On October 22nd, 2020, at approximately 6 pm EDT, our Atlanta data center experienced a service degradation. As stated on the status page, the initial cause was reported as a fiber cut. Our Atlanta data center has two diverse dark fiber spans (referred to here as the A and the B side), providing connectivity to our transit providers, public and private peering points in an active/active model. This model is implemented in many of our data centers across the world. Fiber cuts are fairly common, and because of this, each span has more than enough capacity to sustain the data center in the event of a cut or maintenance. In nearly every instance, this failure is instant and seamless. Unfortunately, in this case, it was not.
3116 Digital is in a transition to an upgraded data center. As such, some of our internet connectivity has already been moved. When the A side fiber went down, traffic over the recently moved circuits did not failover as expected, causing some blackholing of customer traffic. The NetOps team quickly found this and turned down those connections, putting the entire A-side of the network hard down. This put all data center connectivity solely on the B side, restoring all services. NetOps engaged 3116 Digital’s fiber provider to investigate and repair the outage. The provider reported a fiber cut in the area and attached our ticket to that issue. The fiber cut took many hours to repair, not completing until late the next morning.

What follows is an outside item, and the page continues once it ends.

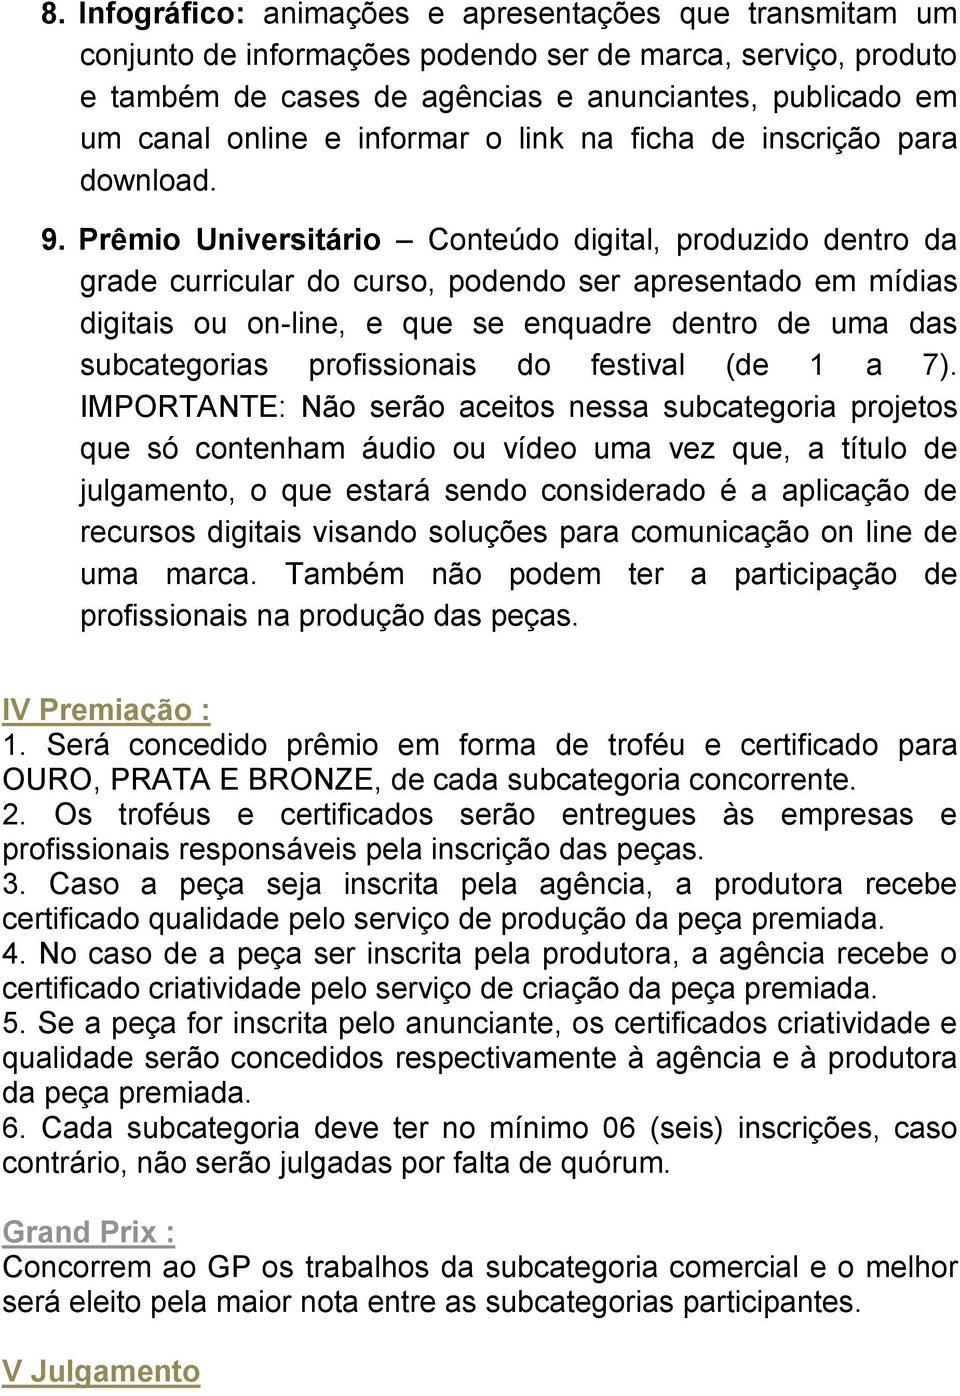 Prêmio Universitário Conteúdo digital, produzido dentro da grade curricular do curso, podendo ser apresentado em mídias digitais ou on-line, e que se enquadre dentro de uma das subcategorias

10-23-2020 12:45 pm Full data center outage
When our fiber provider called the cut fixed, we were still down. We continued to work with them to find the cause of the down fiber. It was determined by the fiber provider that they had added us to the larger fiber cut in error, and we were not affected by that outage. At approximately 12:45 PM EDT, we lost all connectivity to the Atlanta data center. While investigating why the A-side was down, the local field technician mistakenly disconnected our B side cutting off the data center completely. The field technician quickly reconnected the fiber, restoring connectivity to the data center, and resumed the effort to restore the A-side. Shortly after finding the cause of the A-side being down, our fiber pair had been disconnected from the provider’s panel. Reconnecting this restored connectivity to our A-side. The accidental disconnection of the B side was due to an incorrect label on the provider’s panel. The fiber provider is investigating the cause of the A-side being disconnected as it was not requested by 3116. Concerning the service degradation on the A-side, the cause has been determined to be BGP not failing as expected in the A-side being down, but the new transit already transitioned to the upgraded data center. This has already been corrected, and in the event of another fiber cut or outage, failover will happen as expected.